「もう寝る時間だよ」と何度言っても、お布団の上で飛び跳ねたり、絵本をまた持ってきたり……。お子さんが夜なかなか寝てくれないと、ママのHPはゼロに近づいていきますよね。
本当は、子どもが寝た後に撮りためたドラマを見たり、ゆっくりスキンケアをしたりしたい。そんなささやかな願いすら、夜更かしの前では叶わないことも多いはず。でも、「早く寝なさい!」と怒らなくても、身体の仕組みを少し使うだけで、お子さんが自分からコトンと眠る魔法のような習慣があるんです。
夜なかなか寝てくれず、自分の時間が取れない
寝かしつけに1時間も2時間もかかると、寝室を出るころにはもうグッタリ。楽しみにしていた自分時間は消え、残っている家事を片づけるだけで精一杯……なんて日が続いていませんか?
「体力が余っているのかな」「お昼寝が長すぎたのかな」と悩み、なんとか夜に寝かせようと頑張りますよね。でも実は、スムーズな寝かしつけの準備は、夜ではなく「朝」から始まっているのです。夜に頑張るのをやめて、朝の習慣を少し変えるだけで、その悩みは解決に向かうかもしれません。
「朝の光」と「朝食」が体内時計をリセットする
人間には「体内時計」がありますが、実は地球の24時間サイクルとは少しズレがあると言われています。このズレを毎日リセットしてくれる最強のスイッチが、「朝の太陽の光」です。
子どもの睡眠リズムを整えるために、まずは以下の2つを意識してみましょう。
- カーテンを開ける: 朝起きたら、まずカーテンを開けて部屋を明るくします。1000ルクス以上の光(窓際なら十分です)を浴びると、脳内で「メラトニン(眠気のホルモン)」の分泌が止まり、体内時計がリセットされます。
- 朝食をしっかり噛む: お腹に食べ物が入ることで、内臓の時計も「朝だ!」と認識し、身体が活動モードに切り替わります。

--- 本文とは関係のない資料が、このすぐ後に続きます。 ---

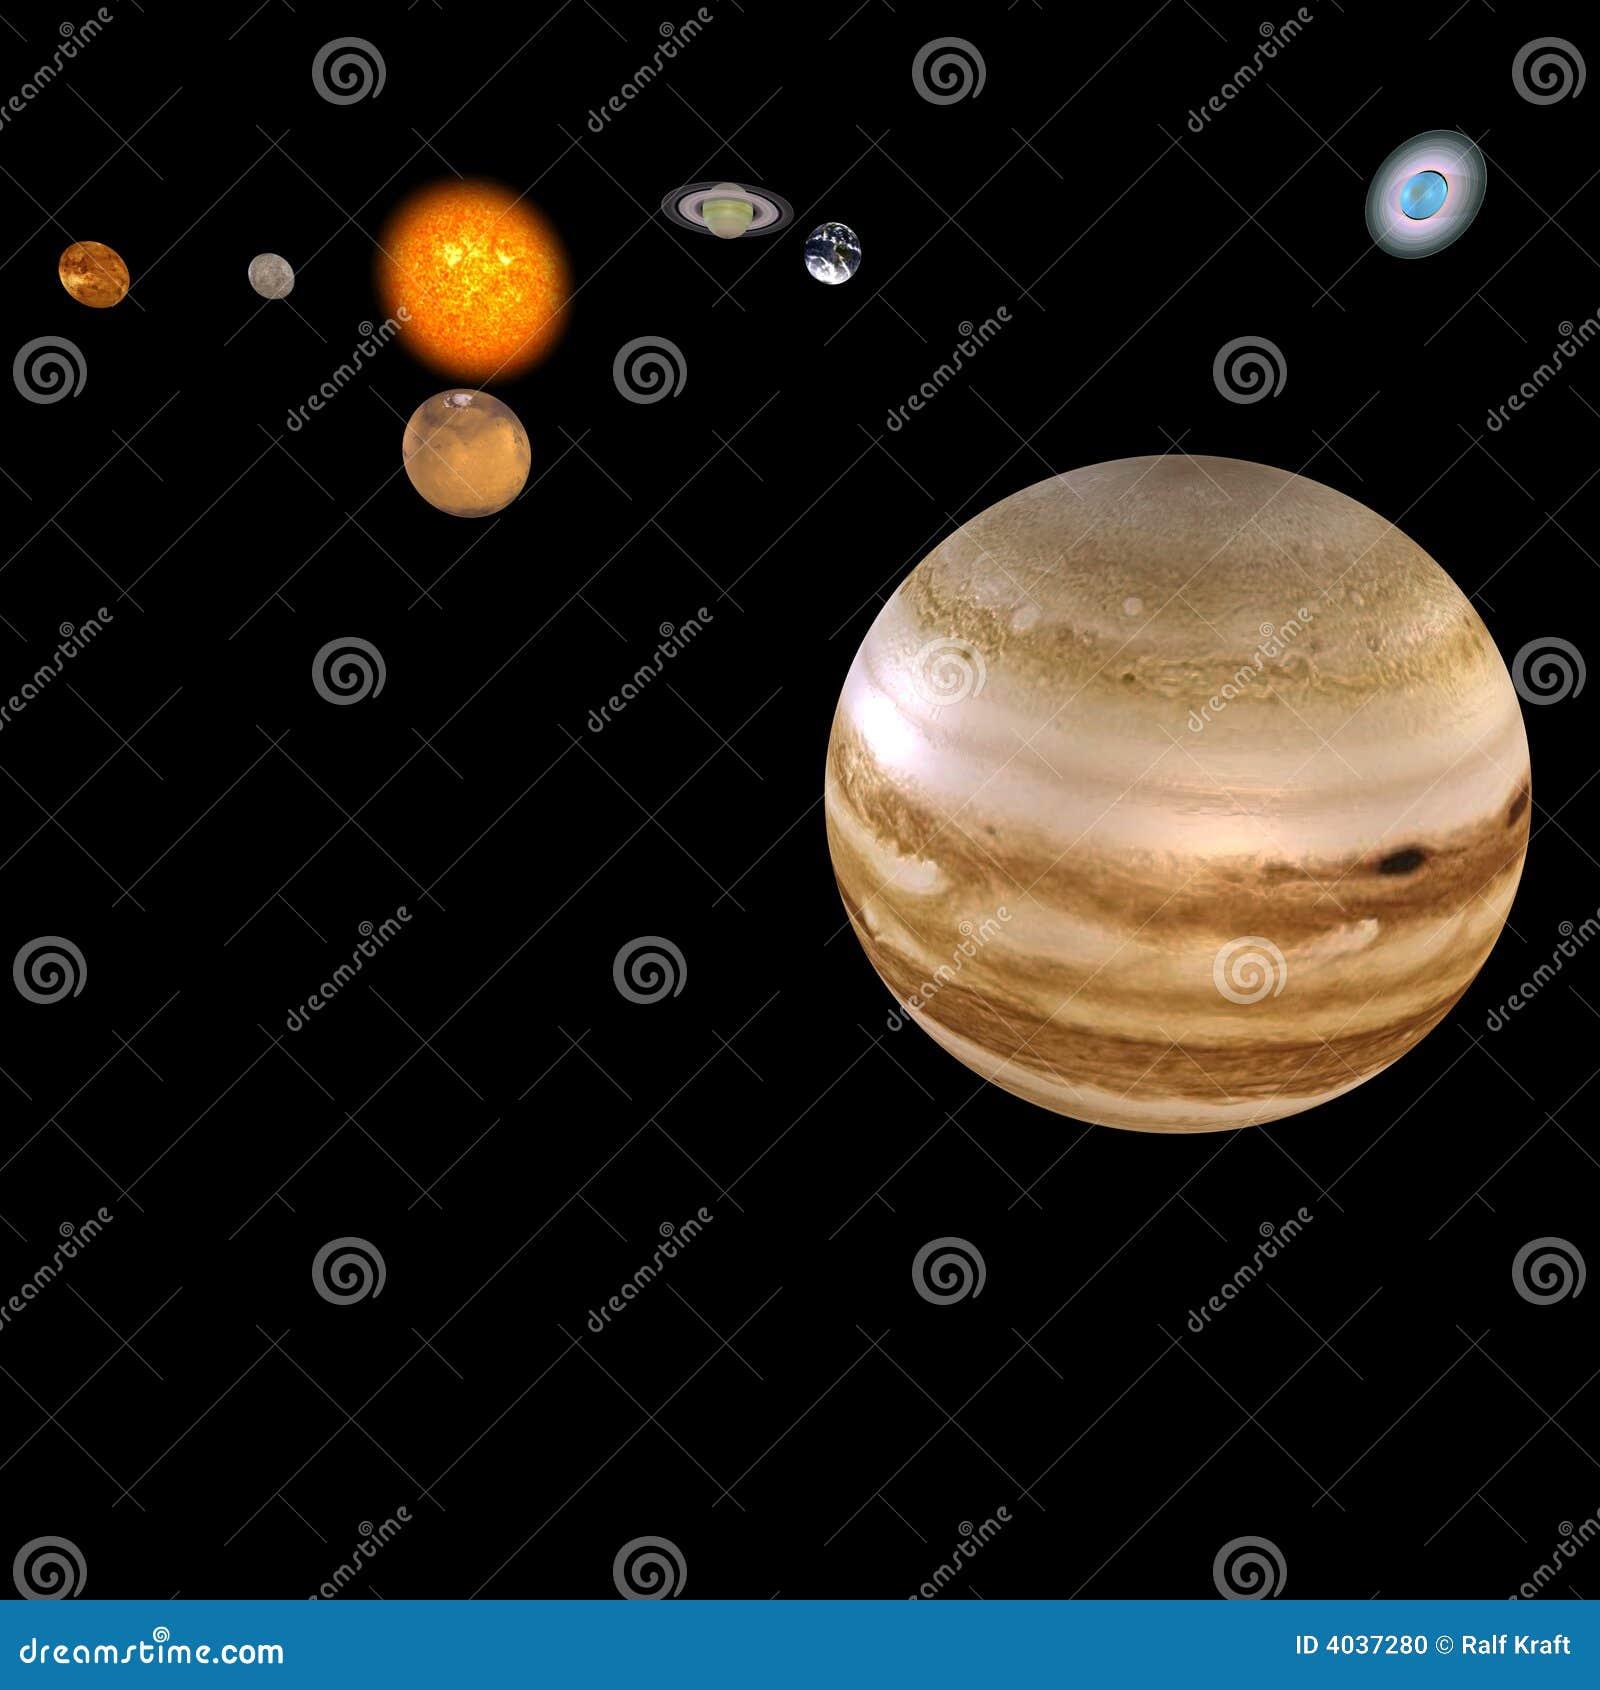 solar system jupiter - photo #40

朝に光を浴びてから約14〜16時間後に、再びメラトニンが分泌されて眠くなるように身体はできています。つまり、朝7時に光を浴びれば、夜21時ごろには自然と眠くなるスイッチが入るのです。
日中は「活動的」に、夜は「デジタルオフ」
朝のスイッチが入ったら、日中の過ごし方も少しだけ意識してみましょう。
- 午前中に外へ: 公園遊びや散歩で日光を浴び、身体を動かすことで「睡眠圧(眠りたい欲求)」が高まります。
- 夜は光を避ける: 寝る直前までテレビやスマホを見ていると、ブルーライトの強い光が脳を昼間だと勘違いさせ、せっかくの眠気ホルモン(メラトニン)を消してしまいます。
夕食後は部屋の照明を少し暗くして、テレビを消してみる。「寝るモード」の環境を作ってあげるだけで、お子さんの興奮具合が変わってくるはずです。
生活リズムが整えば、子どもの機嫌も良くなる
「早起きさせなきゃ」「外に連れて行かなきゃ」と気負う必要はありません。まずは明日の朝、起きたらすぐに「おはよう!」とカーテンを開けることから始めてみてください。
生活リズムが整うと、夜の寝つきが良くなるだけでなく、日中の子どものご機嫌も安定しやすくなります。
子どもが早めに寝てくれれば、大好きなドラマの時間も戻ってきますよ。ママの笑顔と余裕を取り戻すために、明日の朝はお日様の力を借りてみてくださいね。